If your result is going to be more than 16MB then you need to use the $out pipeline stage to output the data to a collection or use a pipeline API that returns a cursor to results instead of returning all the data inline (for some drivers this is a separate method, for others it is a flag passed to the same method).

(Real time) Small data aggregation MongoDB: triggers?

What is a reliable and efficient way to aggregate small data in MongoDB?
Currently, my data that needs to be aggregated is under 1 GB, but can go as high as 10 GB. I'm looking for a real time strategy or near real time (aggregation every 15 minutes).
It seems like the likes of Map/Reduce, Hadoop, Storm are all over kill. I know that triggers don't exist, but I found this one post that may be ideal for my situation. Is creating a trigger in MongoDB an ideal solution for real time small data aggregation?
MongoDB has two built-in options for aggregating data - the aggregation framework and map-reduce.
The aggregation framework is faster (executing as native C++ code as opposed to a JavaScript map-reduce job) but more limited in the sorts of aggregations that are supported. Map-reduce is very versatile and can support very complex aggregations but is slower than the aggregation framework and can be more difficult to code.
Either of these would be a good option for near real time aggregation.
One further consideration to take into account is that as of the 2.4 release the aggregation framework returns a single document containing its results and is therefore limited to returning 16MB of data. In contrast, MongoDB map-reduce jobs have no such limitation and may output directly to a collection. In the upcoming 2.6 release of MongoDB, the aggregation framework will also gain the ability to output directly to a collection, using the new $out operator.
Based on the description of your use case, I would recommend using map-reduce as I assume you need to output more than 16MB of data. Also, note that after the first map-reduce run you may run incremental map-reduce jobs that run only on the data that is new/changed and merge the results into the existing output collection.
As you know, MongoDB doesn't support triggers, but you may easily implement triggers in the application by tailing the MongoDB oplog. This blog post and this SO post cover the topic well.

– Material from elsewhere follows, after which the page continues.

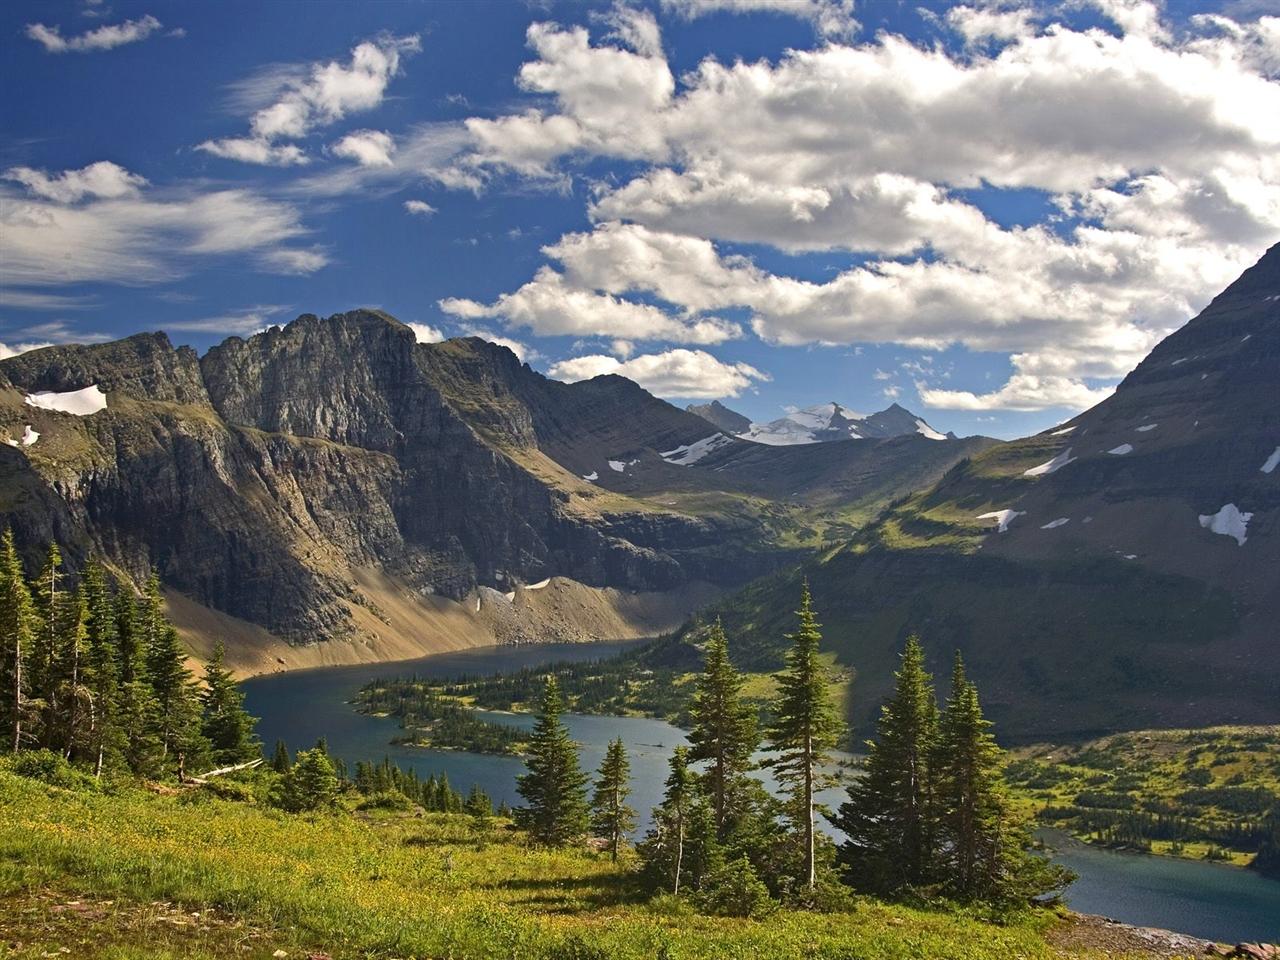 montana Montana United States of America 1280x960
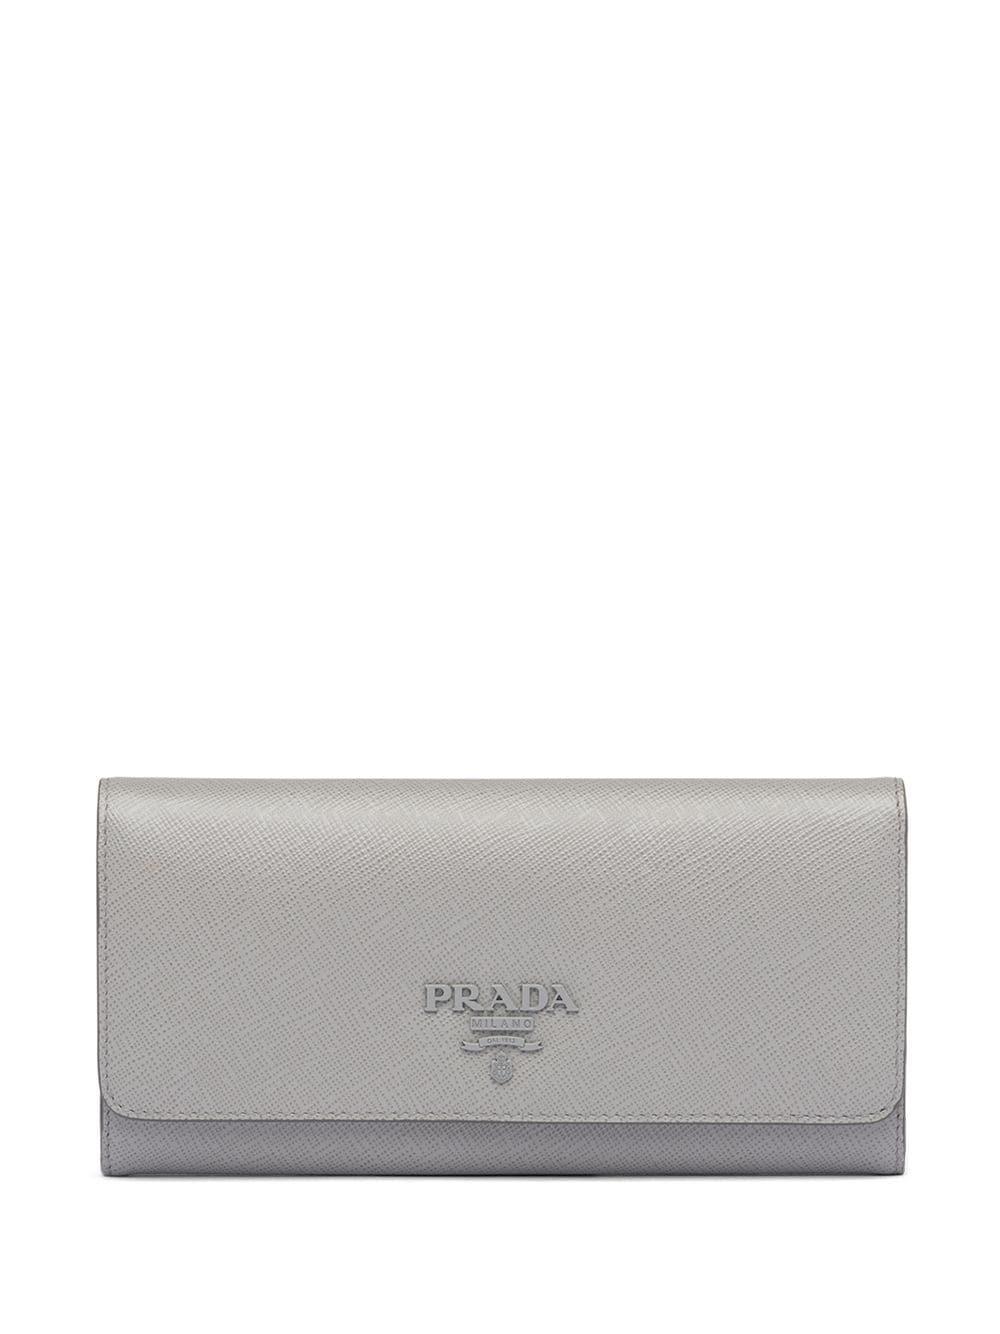 Prada Portemonnaie mit Logo-Schild - Grau

Aggregation framework on full table scan

I know that aggregation framework is suitable if there is an initial $match pipeline to limit the collection to be aggregated. However, there may be times that the filtered collection may still be large, say around 2 million and the aggregation will involve $group. Is the aggregation framework fit to work on such a collection given a requirement to output results in at most 5 seconds. Currently I work on a single node. By performing the aggregation on a shard set, will there be a significant improvement in the performance.
As far as I know the only limitations are that the result of the aggregation can't surpass the limit of 16MB, since what it returns is a document and that's the limit size for a document in MongoDB. Also you can't use more than 10% of the total memory of the machine, for that usually $match phases are used to reduce the set you work with, or a $project phase to reduce the data per document.
Be aware that in a sharded environment after $group or $sort phases the aggregation is brought back to the MongoS before sending it to the next phase of the pipeline. Potentially the MongoS could be running in the same machine as your application and could hurt your application performance if not handled correctly.